Через некоторое время вождь гуннского племени со своими телохранителями и архонтами прибыл в Византий с просьбой к царю обратить их в христианство. Царь радостно встретил его, и ромейские архонты принимали от святой купели гуннских вождей, а их жены — гуннских жен. Царь одарил всех, принявших крещение, царскими дарами и званиями. Вождя их он удостоил сана патрикия и отпустил с добрыми напутствиями в гуннскую страну[65].
… В это время в Сирии происходит сильное землетрясение, вызвавшее большие разрушения; земля поглотила в огромные пропасти некоторые города, расположенные в Сирии. Другие города пострадали немного: они закачались и с высоких мест опустились вниз на лежавшие под ними равнины, вместе со своими стенами и зданиями, которые даже не были повреждены. Переместились они со своих мест на шесть или немного более межевых знаков. А некоторые рассказывали, что видели, как в соседней с Сирией Месопотамии земля разверзлась на два межевых знака вглубь и из расселины была выброшена другая земля, очень белая, словно песок. Рассказывали еще, что самка мула человеческим голосом предрекала арабам гибель. С тех пор прошло ведь немного времени, и какое–то племя, пришедшее из далекой пустыни, без всякого сражения захватило огромное множество арабов.
После этого Константин венчает сына Льва на царство и тотчас отправляется в поход против сарацин. Подойдя к Мелитене[66], он овладевает этим городом, осадив его, и увозит оттуда много пленников и военной добычи.
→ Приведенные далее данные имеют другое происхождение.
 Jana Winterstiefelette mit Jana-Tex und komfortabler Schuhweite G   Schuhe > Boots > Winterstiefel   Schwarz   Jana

В это время умирает августа Мария, супруга Константина. Случившееся вскоре после этого достойно запоминания, и умолчать об этом было бы несправедливо. Ведь на небе в это время появилось страшное, совершенно необыкновенное зрелище, которое началось с наступлением сумерек и продолжалось всю ночь. Ужас и удивление охватывали всех, кто видел это зрелище: им казалось, что все звезды срывались со своих мест и падали на землю. Достигая земли, они беззвучно рассыпались, ни разу не причинив ни малейшего вреда. Многие утверждают, что это удивительное зрелище наблюдалось во всей вселенной.
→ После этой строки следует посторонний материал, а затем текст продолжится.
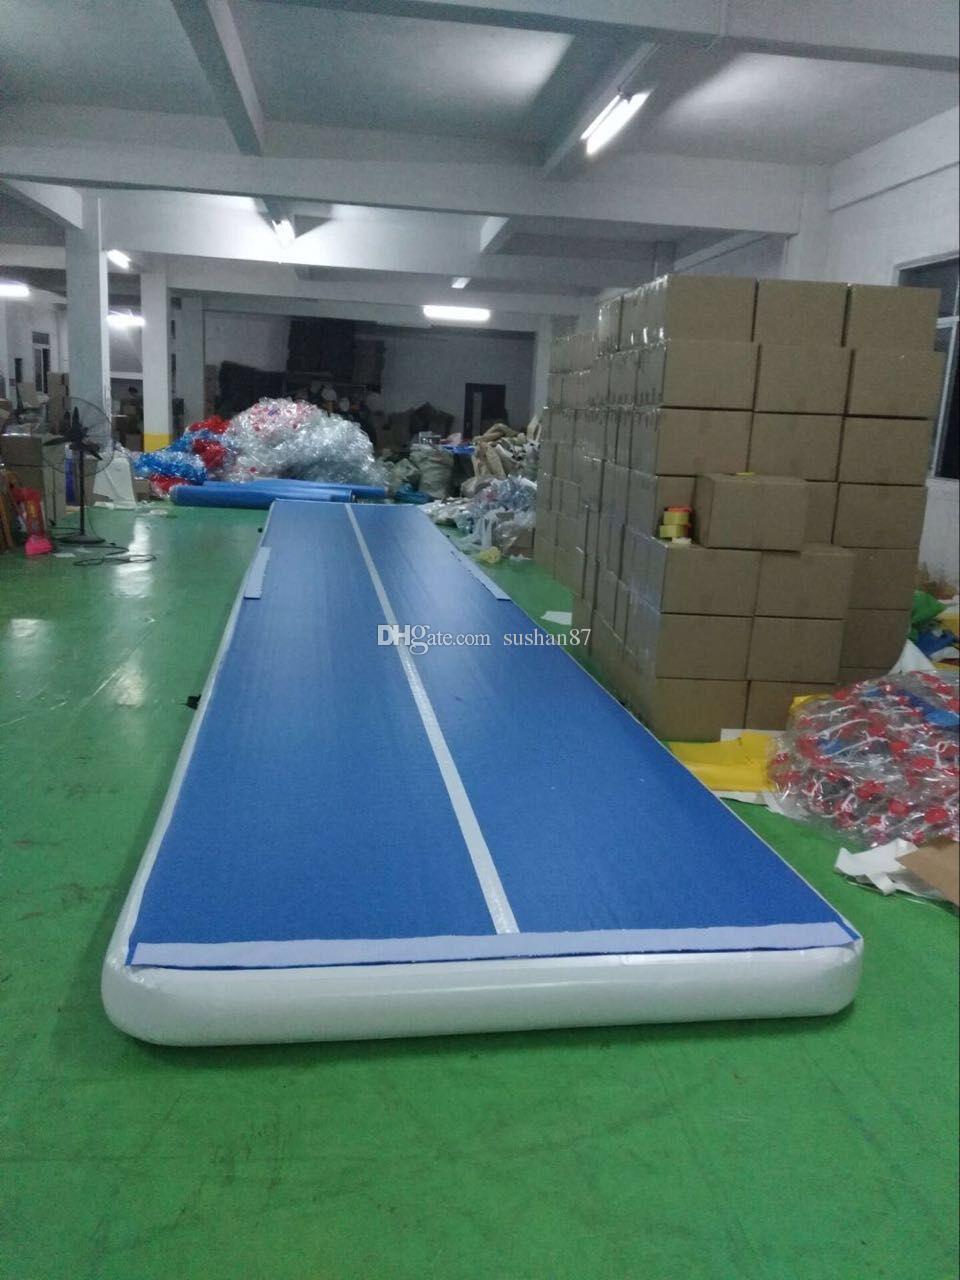 Freies Verschiffen 12m Länge Inflatable Air Track Für Gym Aufblasbare Gym Air Track Trampolin Mats Aufblasbare Tumble Spur freie Pumpe

По истечении некоторого времени после этого звездного видения умер патриарх Византия Анастасий. Константин же, решив однажды нанести оскорбление церкви и начав уже сражение с благочестием, словно подгоняемый вражеской силой, собрал собор епископов в составе 338 членов[67]. Возглавил его Феодосий, архиепископ города Эфеса. Собор провозгласил архиереем города некоего Константина, из монахов, бывшего епископом города Силлея[68]. Был принят символ веры, под которым подписались все, кто придерживался нечестивого вредного образа мыслей и стоял за уничтожение святых икон; и, словно несмышленые, они предали иконы на площади анафеме. Вместе с тем анафеме были преданы и Герман, архиерей константинопольский, и Георгий, прибывший с острова Кипр, и Иоанн из сирийского города Дамаска, по прозвищу Мансур.
Покончив с этим, Константин принялся за строительство городов во Фракии, в которых он поселил сирийцев и армян, переселив их из городов Мелитены и Феодосиополя[69]; при этом он щедро одарил их всем необходимым. А болгары, увидев строящиеся города, запросили у царя дань. Не получив дани, они двинулись в поход на Фракию, напали на нее и очень скоро достигли стены, которая называется Длинной. Но против них вышел император и, завязав сражение, обратил их в бегство, преследовал, сколько было сил, и убил большую часть болгар. Вскоре после этого император двинулся против них в поход по морю и суше. Те, что плыли на кораблях, — число их достигало пятисот — переплыли через Евксин, достигли реки Истра, пожгли болгарские селения и взяли немало пленников.
А император, сам участвуя в битве против болгар близ так называемых Маркелл (это крепость, расположенная совсем неподалеку от Болгарии), обратил их в бегство и многих убил. Тогда они, потерпев поражение, направили к императору послов для переговоров о мире, послав в качестве заложников своих родных сыновей.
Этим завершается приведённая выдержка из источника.